▶ Raw data
==========

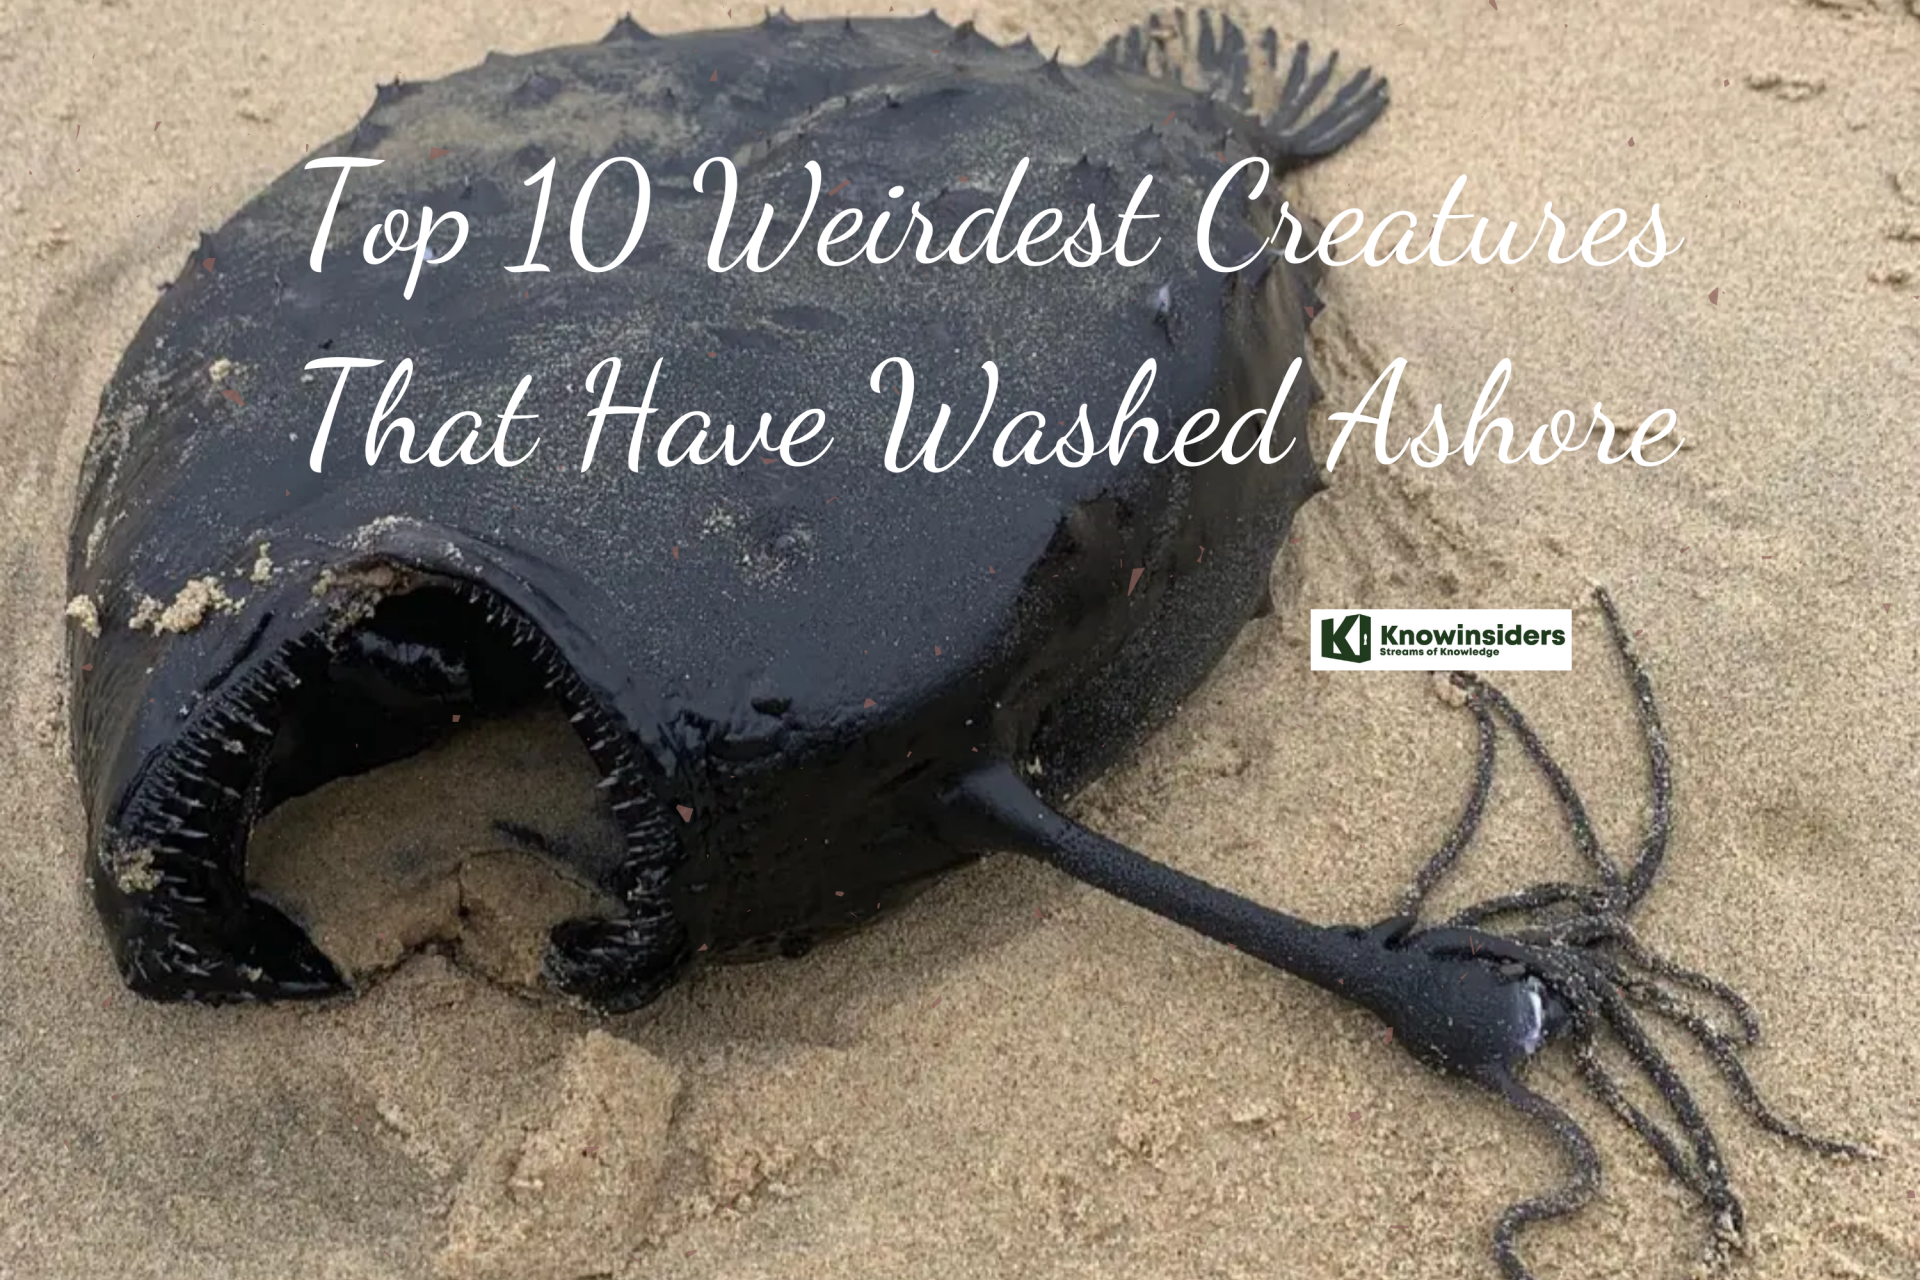 Top 10 Weirdest Creatures That Have Washed Ashore
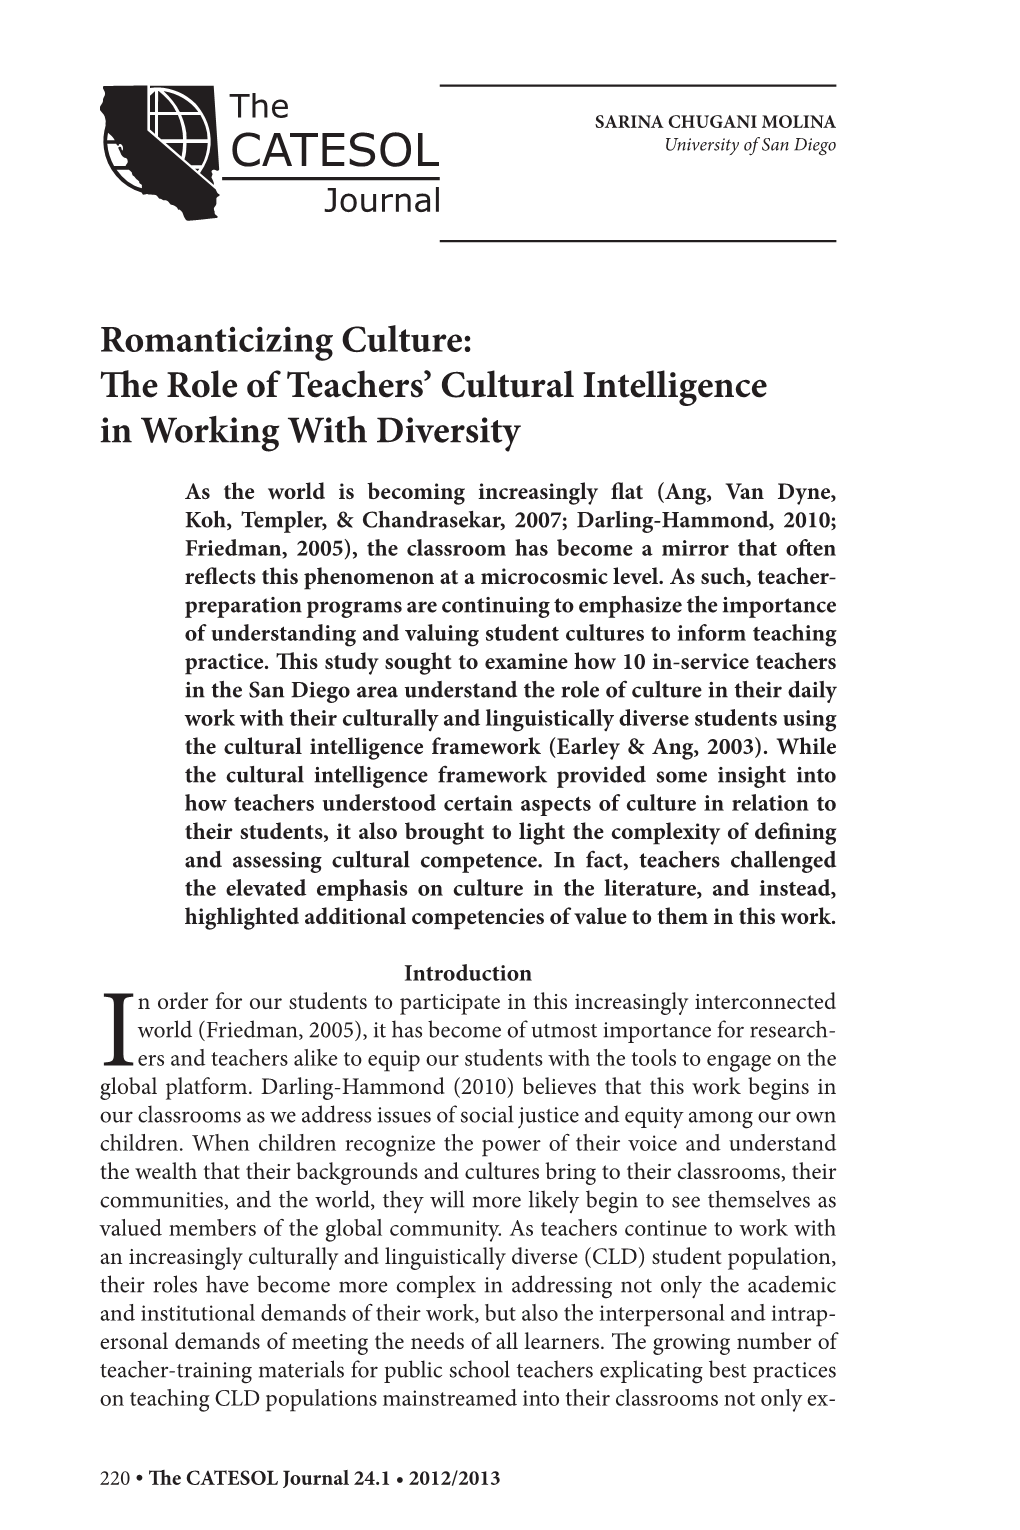 Romanticizing Culture: the Role of Teachers' Cultural Intelligence in Working with Diversity
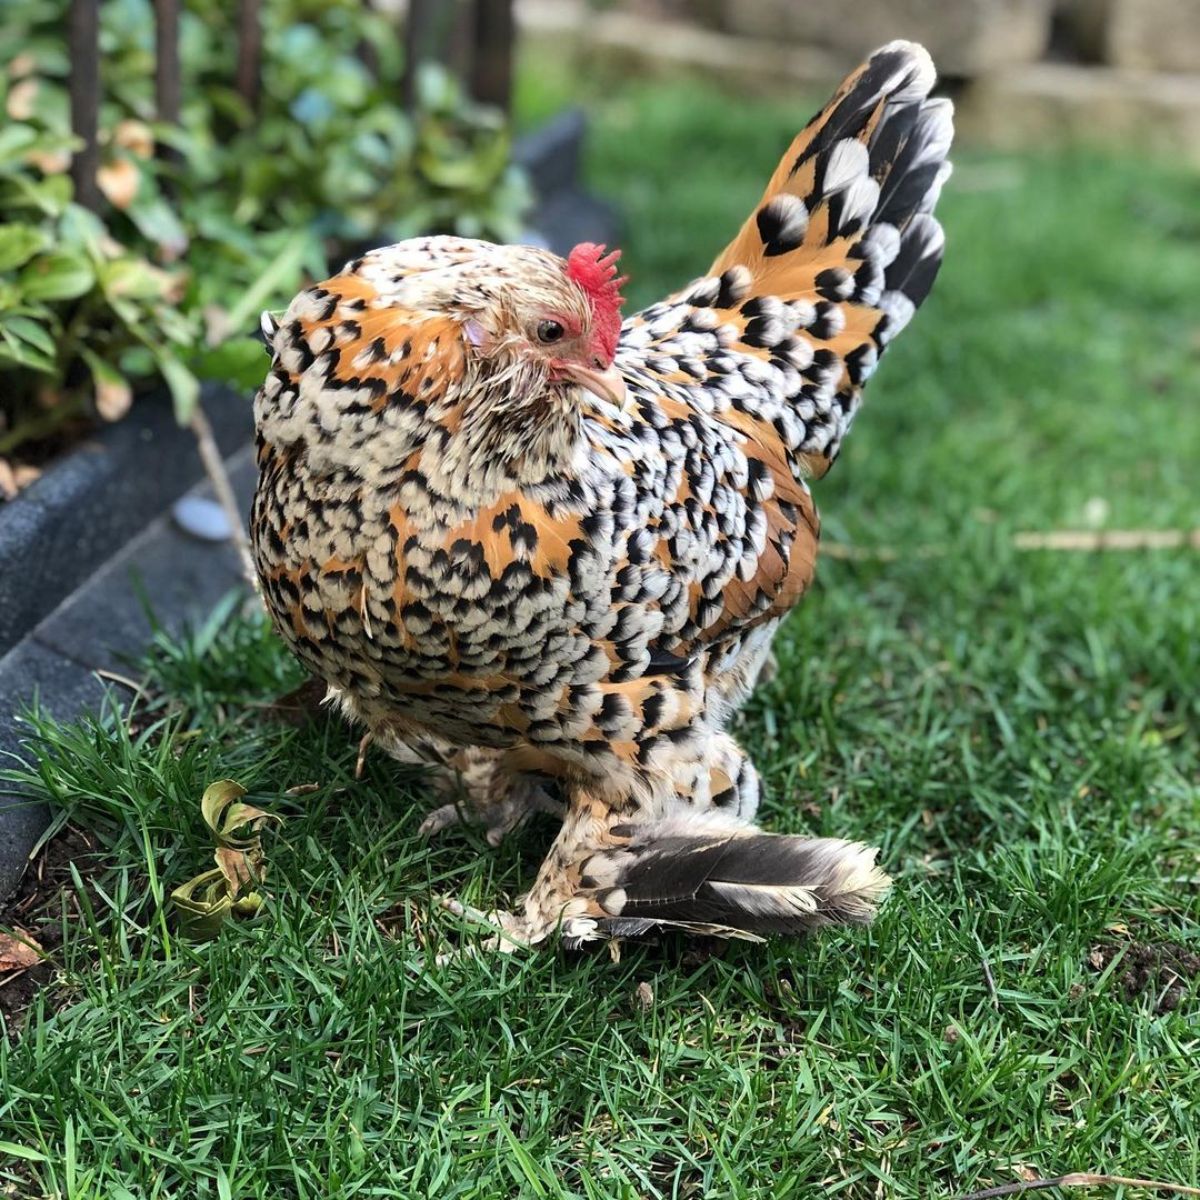 An adorable speckled Belgian Bearded d’Uccle hen in a backyard.

==========

▶ What the task asks
Instruction for this listing: copy it exactly, but leave the images behind.

▶ Solution for this problem
 Top 10 Weirdest Creatures That Have Washed Ashore
 Romanticizing Culture: the Role of Teachers' Cultural Intelligence in Working with Diversity
 An adorable speckled Belgian Bearded d’Uccle hen in a backyard.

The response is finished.